China / Society

Rape laws should cover male victims - expert

(chinadailly.com.cn) Updated: 2015-03-30 16:31

However, many cases involve two adult males, such as a 2010 incident in Shenzhen, Guangdong province, where a male security guard "forcibly had sex with his roommate". The two had to settle out of court after the police told them the Criminal Law could not be applied to their case. That same year, another security guard in Beijing raped an 18-year-old colleague. He was sentenced to a year in prison for assault and battery.

Admittedly, many of the perpetrators in these stories are homosexual. But not all of them. The two suspects in the Shijiazhuang case said they were not gay, just drunk and sexually deprived. But these cases, when they come to light, invariably cause a backlash against gays. Some in the public, frustrated with the inadequacies of the law, equate sexual predation of this kind with homosexuality in general.

This gaping hole in the legal codes is especially glaring when it comes to cases involving adolescents. When sexual predators are teachers and their victims are teenage boys - boys above 14 but not yet 18 - there is no law to bring the attackers to justice or place the teenagers under legal protection.

But things will soon change.

The latest draft amendment of the Criminal Law, which the National People's Congress Standing Committee will soon review, has removed the gender specificity from the description of victims of sexual assault. Instead of "women", it has now become the gender-vague "others".

This will cover most of the male-on-male sexual assault and rape cases that have surfaced in the past decade.
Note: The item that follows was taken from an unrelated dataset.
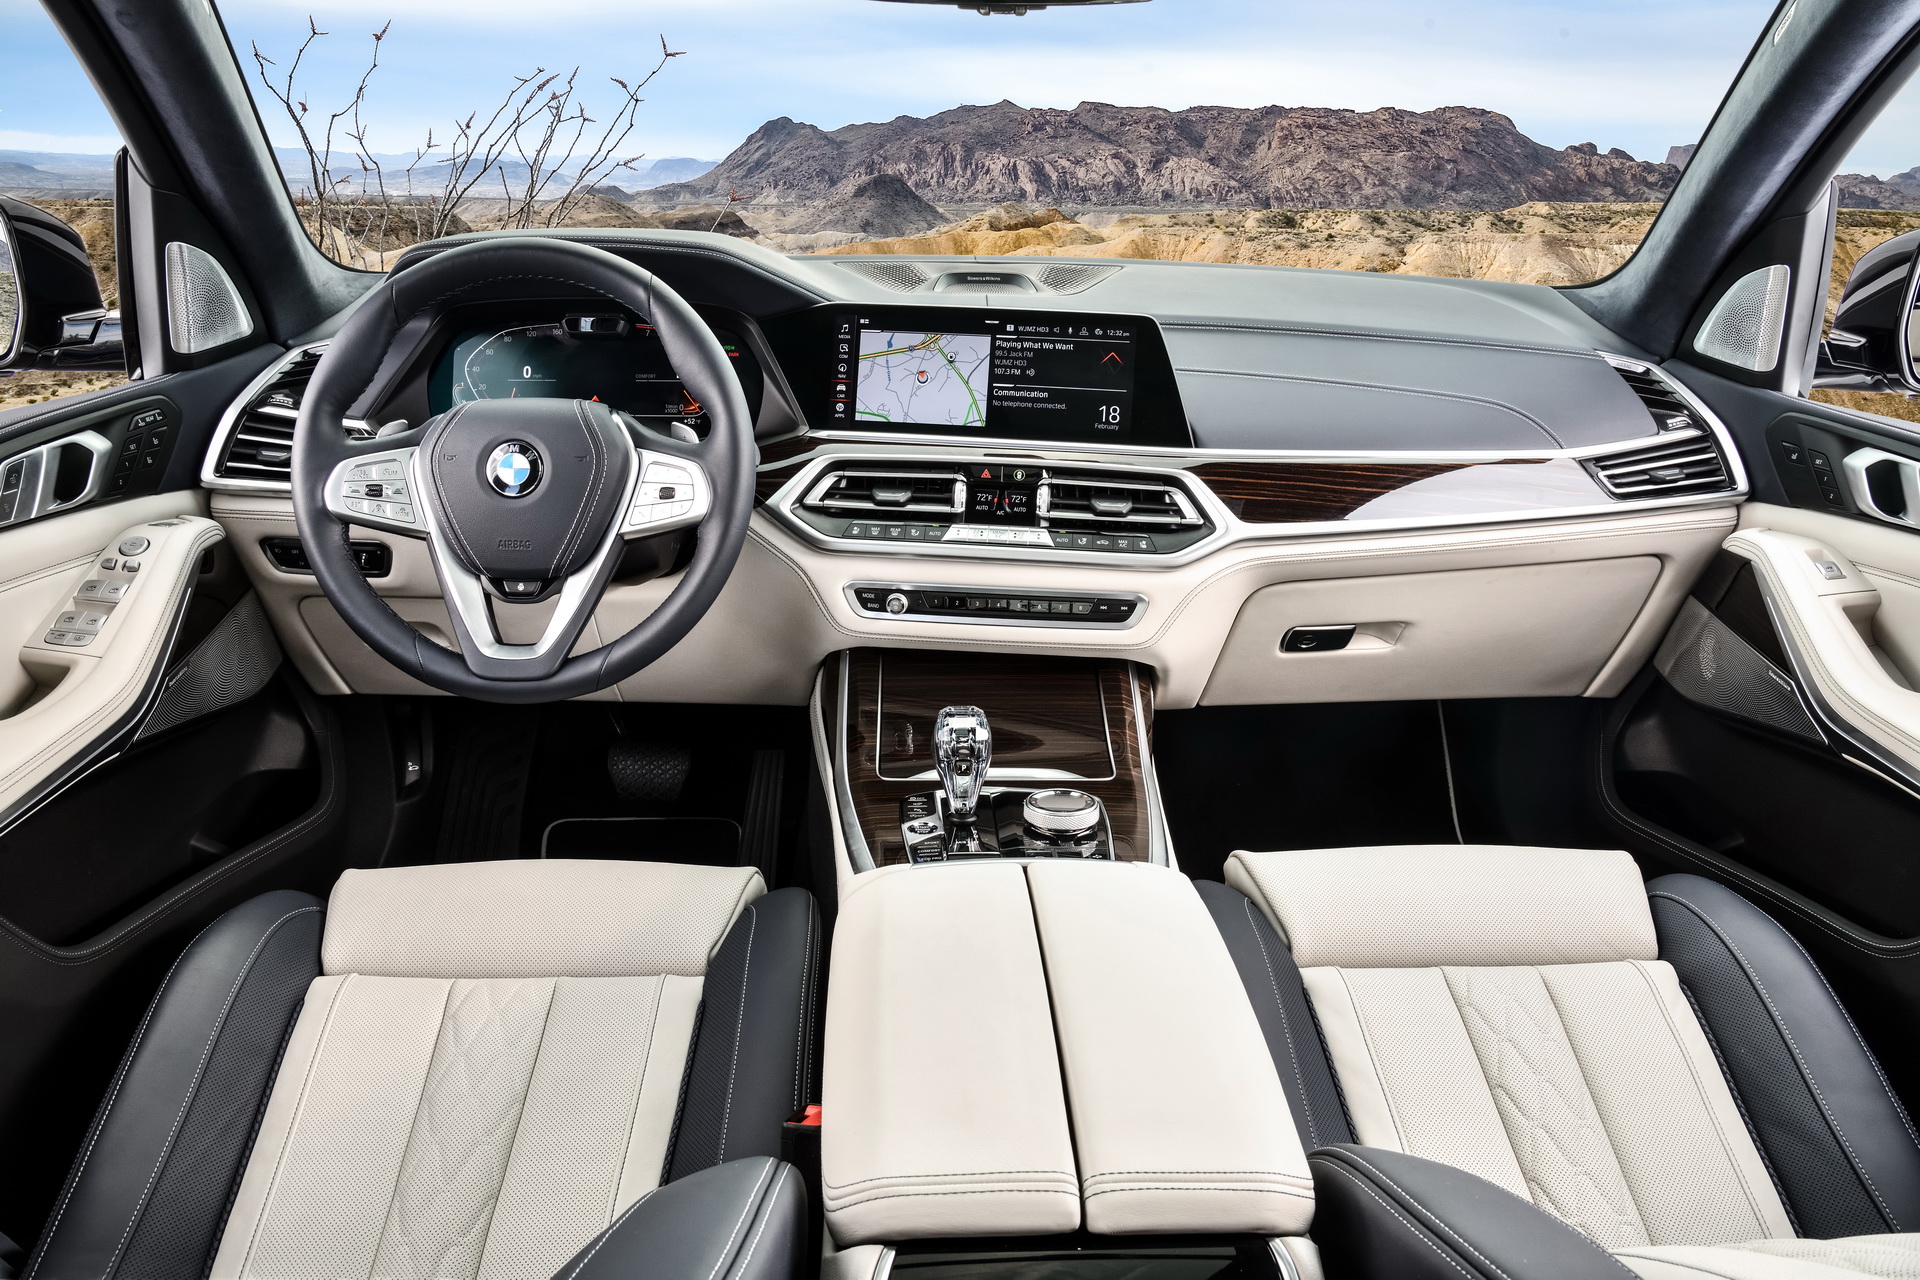 So kè BMW X7 vs Mercedes GLS cùng 3 mẫu SUV full-size hấp dẫn giới nhà giàu - Ảnh 9.

No longer will bruises from battery be necessary as evidence to convict a perpetrator of sexual assault.

As a matter of fact, the gender of either the perpetrator or the victim would be irrelevant. Granted, female-on-male sexual assaults are extremely rare, but if we broaden it to sexual harassment it is entirely possible. And if we take away the word "sexual", we'll know that exceptions exist relative to the rules.

While domestic violence is predominantly targeted toward women by men, around 15 percent of cases in China are the other way around. This is according to a report by a women's association, who said it surprisingly finds men occasionally showing up at its door for help. Most men would not swallow the pride to turn to professional guidance. (The same report indicates that 30 percent of Chinese households suffer from domestic violence.)

I first wrote about men as victims of domestic violence a dozen years ago and some readers protested that I was overstating the truth to cover up the extent of male-on-female violence. But I was merely reporting what the women's association discovered. I was not shocked by their revelation because I had empirical evidence to that effect. I had seen quite a few families in which the wives tortured the husbands in more ways than psychological.

Of course it may be difficult to draw a line between domestic violence and some forms of "fooling around" that involve violence. A survey on qq.com, one of China's most popular portal sites, reveals that one-fifth of men said they had been slapped in the face by their girlfriends and 40 percent of the female respondents said they had done so to their boyfriends.

Since this is an online poll and not necessarily statistically sound, I'd rather trust the figure from the women's association. I believe that the exceptions actually help prove the norm. Just because most cases of sexual assault, violence and harassment are men on women, people tend to brush it aside and laugh it off as improbable when it is men-on-men or women-on-men. The previous reluctance to amend the law may also be rooted in the conviction that including men in the category of victims would somehow trivialize the grievances of women in such situations.